→ **Task directions**: The lines below, from the one containing "MAGNIFIQUE Luxury Jewellery" through the one containing "Zuhair Murad Haute Couture Fall 2014.", should be set down exactly, with no pictures and nothing else.

→ **Raw data**:
——————————
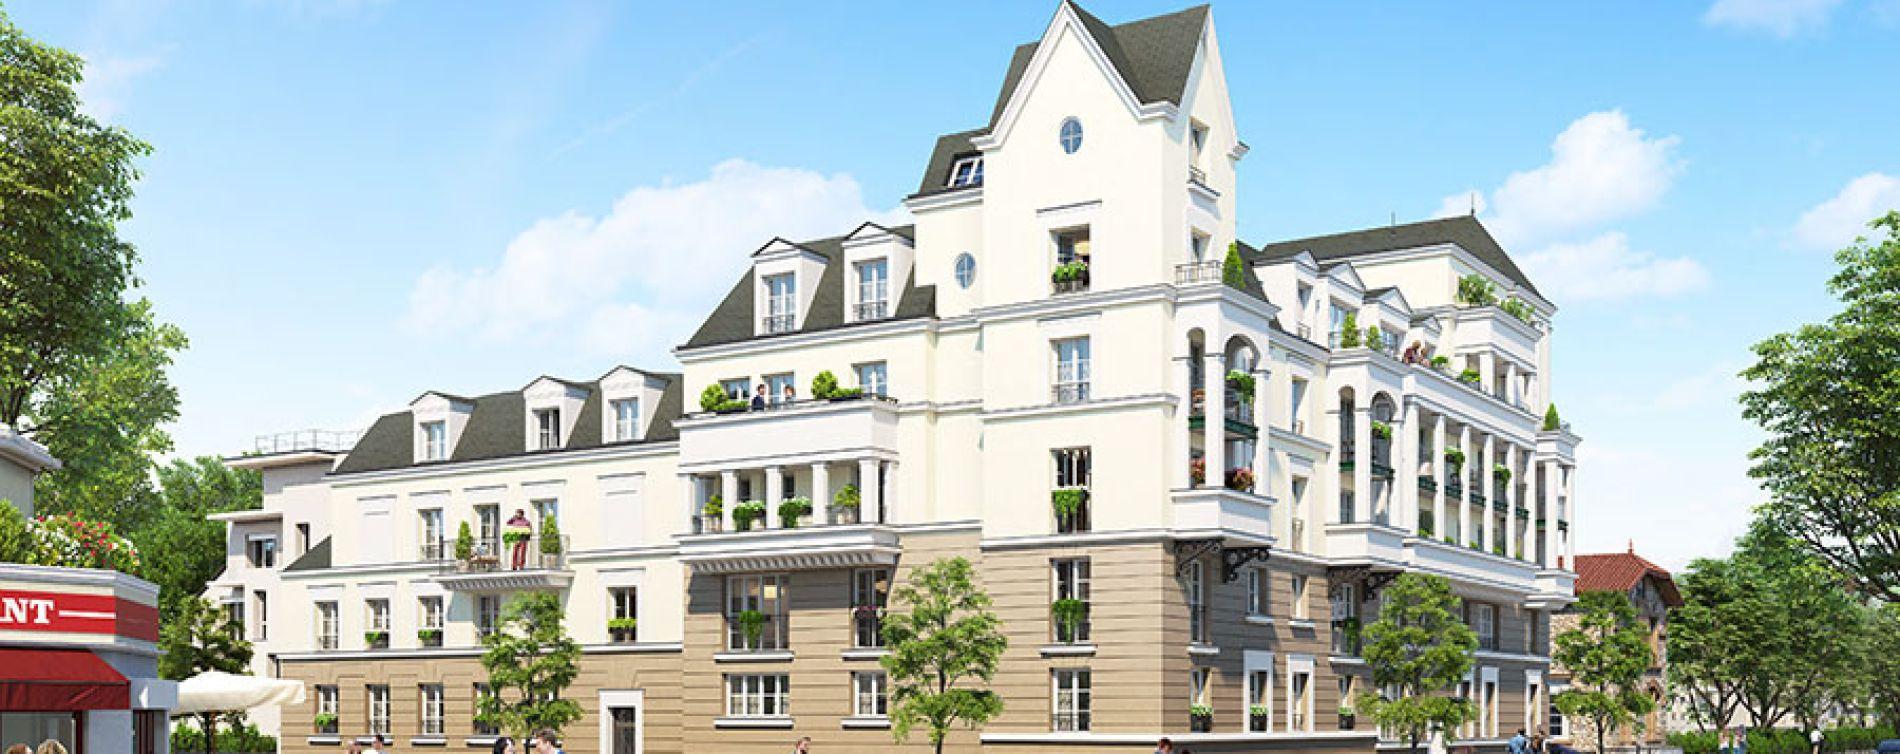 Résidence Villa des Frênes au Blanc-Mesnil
——————————
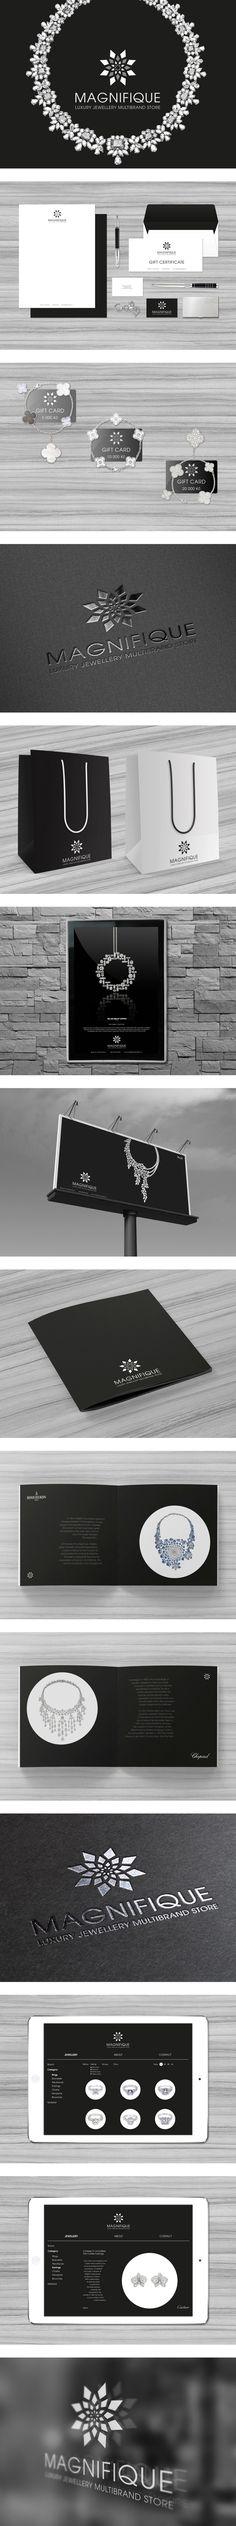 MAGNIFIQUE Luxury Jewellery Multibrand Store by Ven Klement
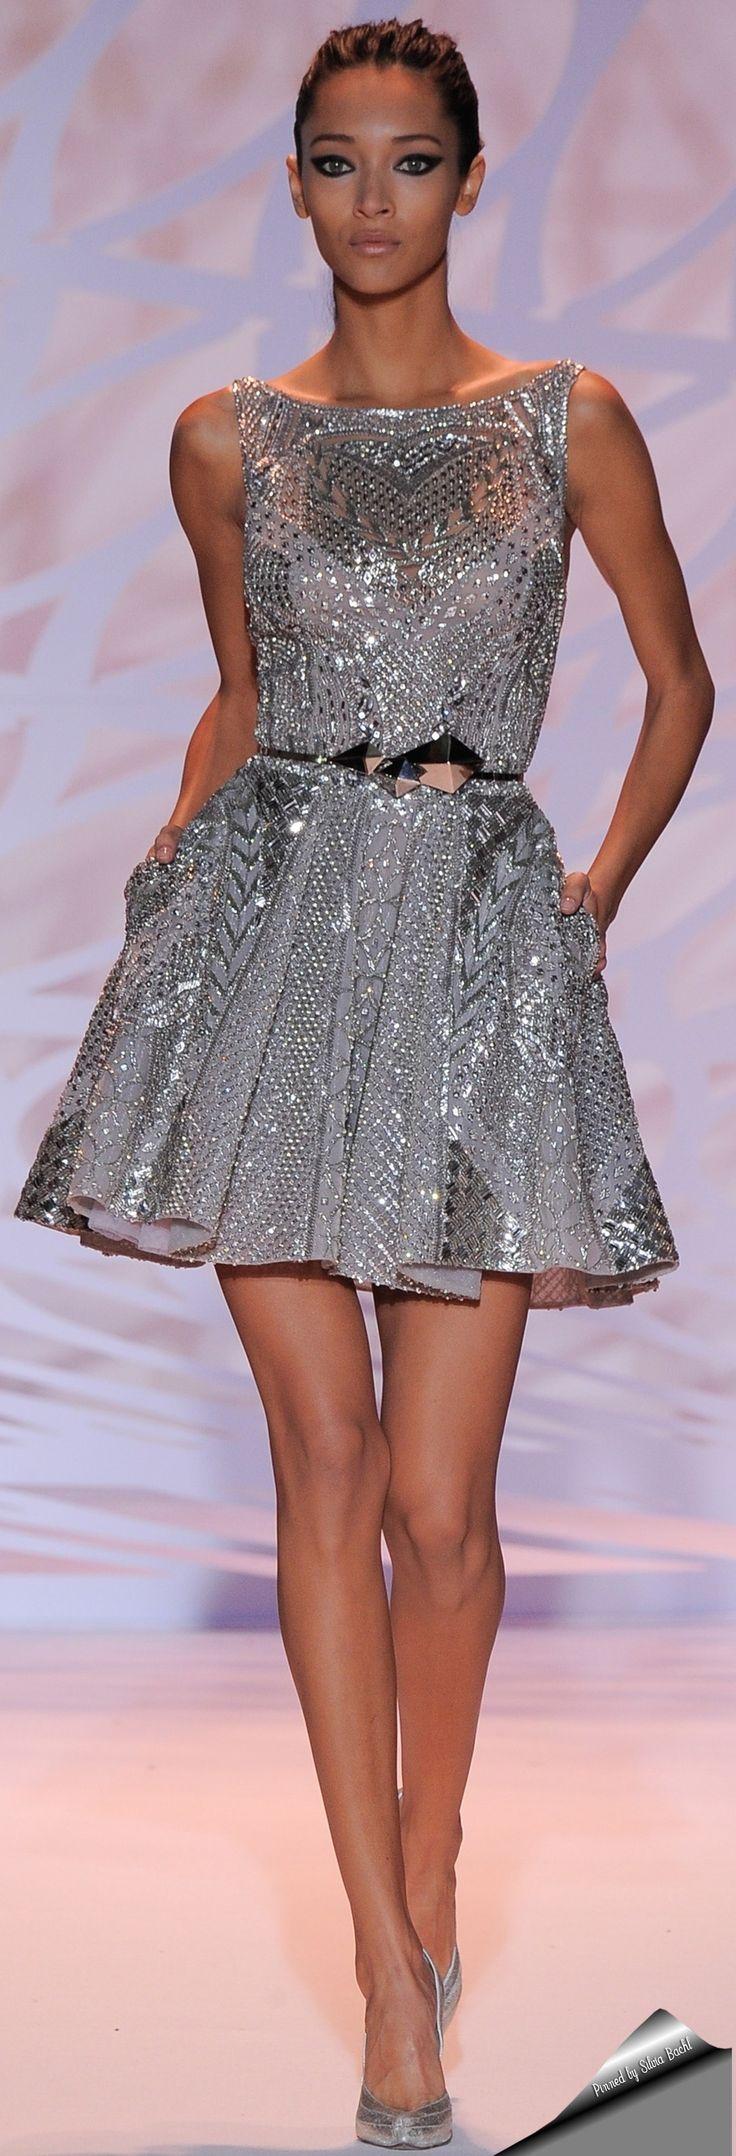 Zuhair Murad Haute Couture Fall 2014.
——————————
→ **Response area**:
 MAGNIFIQUE Luxury Jewellery Multibrand Store by Ven Klement
 Zuhair Murad Haute Couture Fall 2014.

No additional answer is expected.